Peu de gens contestent qu'il est légitime de s'opposer à un gouvernement non démocratique par la désobéissance civile, puisqu'il ne s'agit pas d'un État de droit. Mais la légitimité de la désobéissance civile dans un régime démocratique est un point très controversé.
Les actes de désobéissance civile posent un très délicat problème à la justice. C’est que, bien que la légitimité de la résistance à l’oppression figure parmi les droits de l’Homme reconnus par les déclarations de 1789 et de 1948 et qu’elle inspire les constitutions qui en ont intégré les principes, la justice a le plus grand mal à admettre la justification d’un acte délictueux lorsqu’il est accompli au titre de la désobéissance civile.

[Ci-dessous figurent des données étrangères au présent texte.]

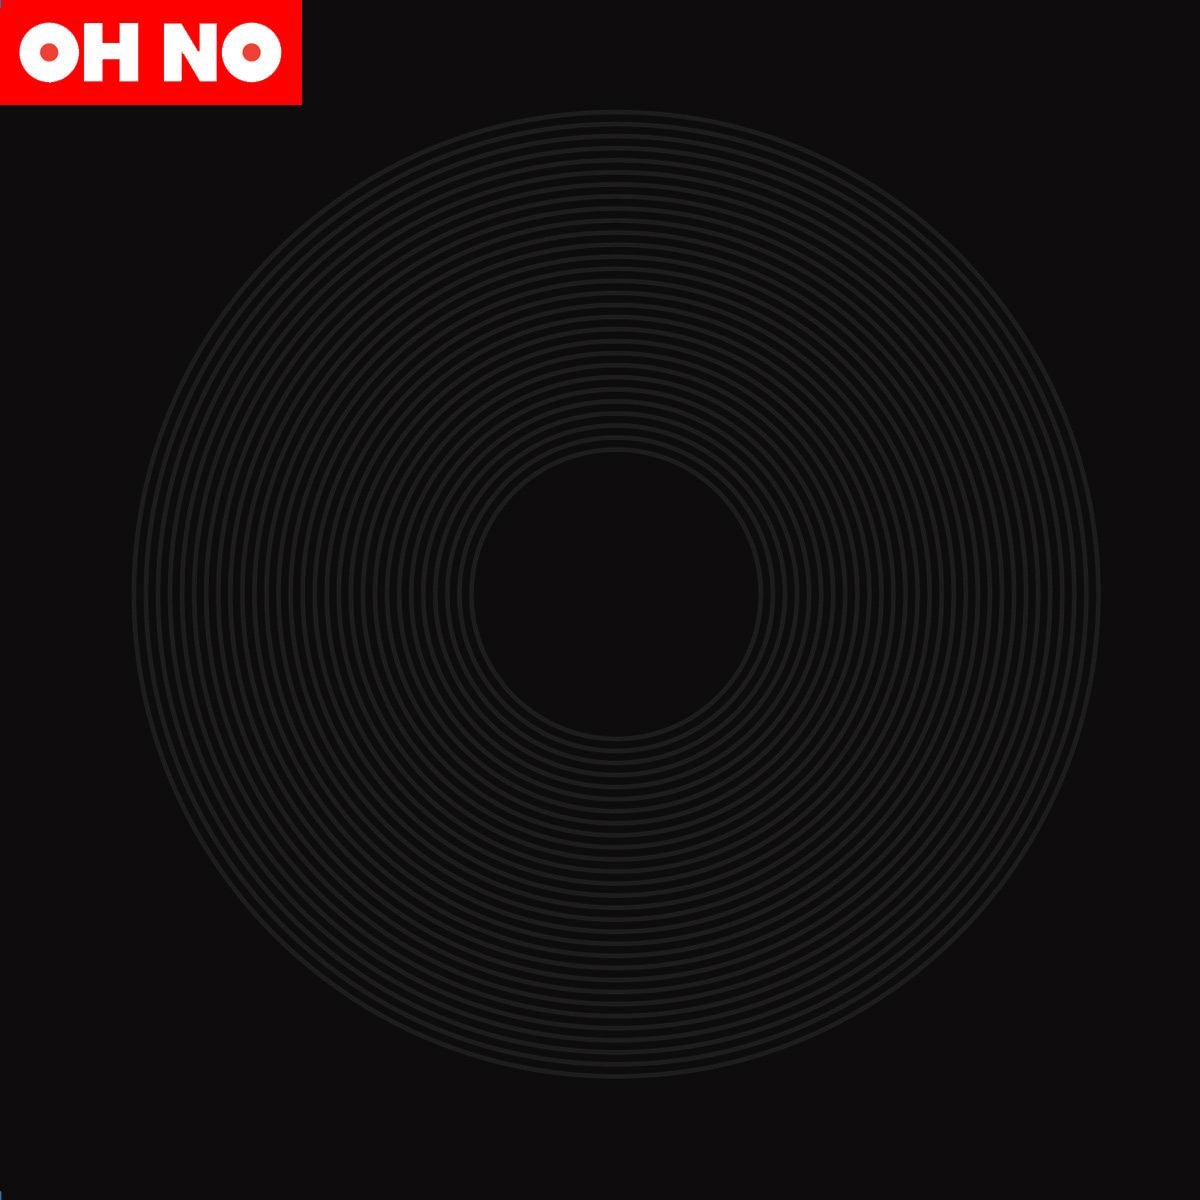 Oh No - Dr. No's Oxperiment (2007) [iTunes Match M4A]
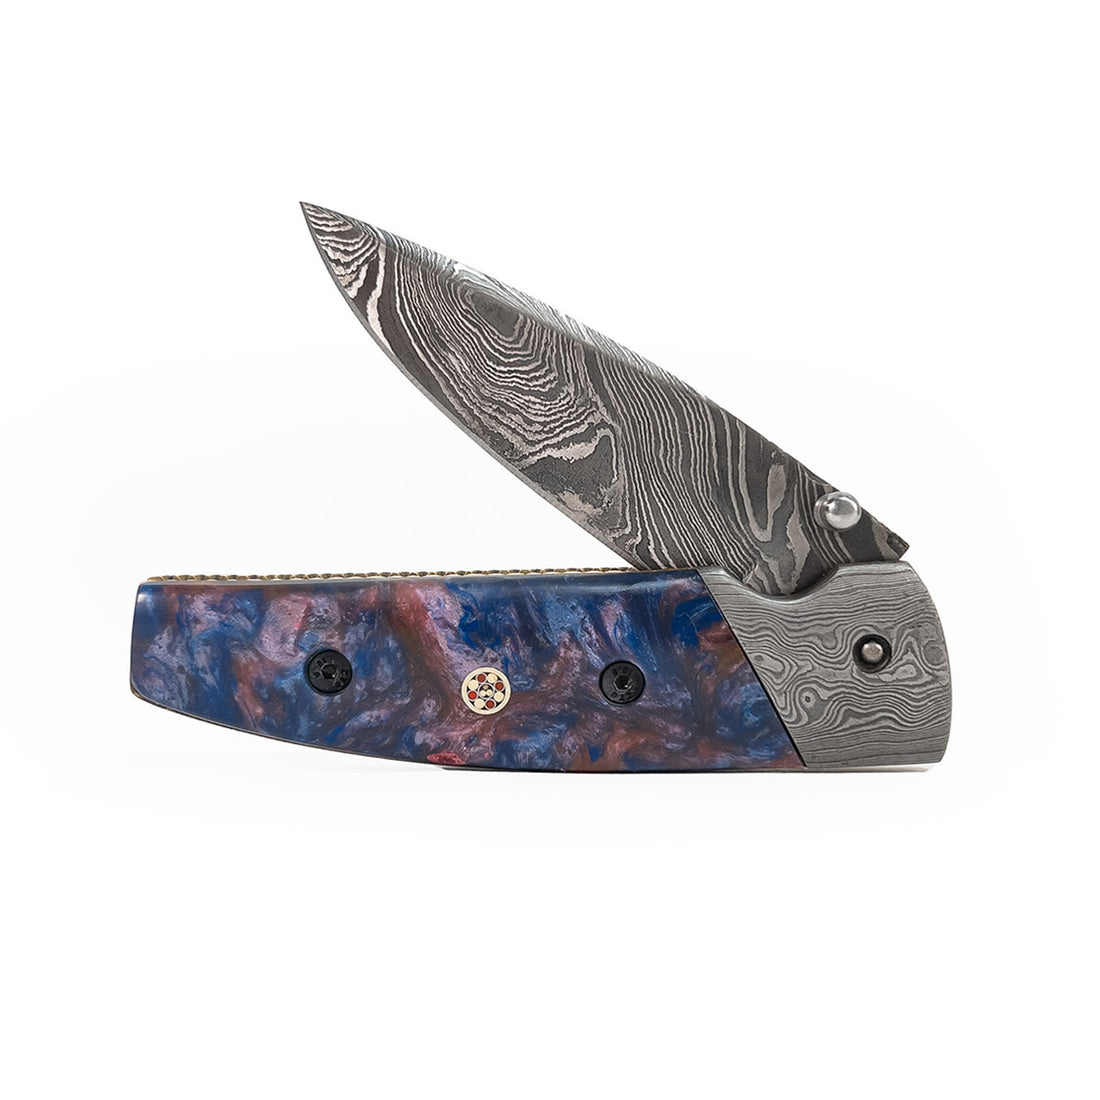 Canivete artesanal de coleção lâmina aço damasco.

« Usage sauvage » du droit Le problème peut se résumer ainsi : est-il envisageable qu’un tribunal juge un acte de désobéissance civile en tant que tel ? Ce problème peut être examiné sous deux angles : le premier est l’analyse des manières dont le droit traite le refus délibéré de se plier à une obligation légale ou réglementaire et les délits commis dans l’intention affichée de faire valoir l’illégitimité de cette obligation, explique le juriste Ismaël Coulibaly. « Le second angle tient en une interrogation : la désobéissance civile, en tant que forme d’action politique qui consiste à refuser de se plier à une prescription légale, peut-elle devenir une manière de se comporter pleinement reconnue en droit ? », s’interroge-t-il. Dans son remarquable essai sur la désobéissance civile (Essai sur la révolution, 1963), Hannah Arendt demande : est-il possible de « faire une place à la désobéissance civile dans le fonctionnement de nos institutions publiques » ? Elle répond par l'affirmative, de même que Rawls, Habermas et la plupart des auteurs qui ont abordé cette question. Certes, ils n'admettent la désobéissance civile qu'à titre d'exception. Mais de telles exceptions existent. D'abord parce que la démocratie suppose que soient respectés quelques principes fondamentaux. Même une majorité régulièrement élue ne saurait être obéie si elle adopte une disposition contraire à la Déclaration des droits de l'Homme, aux grands principes constitutionnels, aux conventions internationales signées par un pays, etc, poursuit Coulibaly. On est alors, selon l’opposition ivoirienne, dans le cadre d’une désobéissance civile entreprise dans un esprit plus juridique qu'éthique : une sorte de procédure d'appel contre la décision prise par le Conseil constitutionnel. Mais, une autre faiblesse de la désobéissance civile tient au principe qui la fonde : la non violence. Le respect de ce principe n’est cependant pas absolu. Pour donner une plus grande visibilité à leurs actes, certains décident de faire un usage modéré de la violence, en veillant attentivement à ne jamais faire de victimes.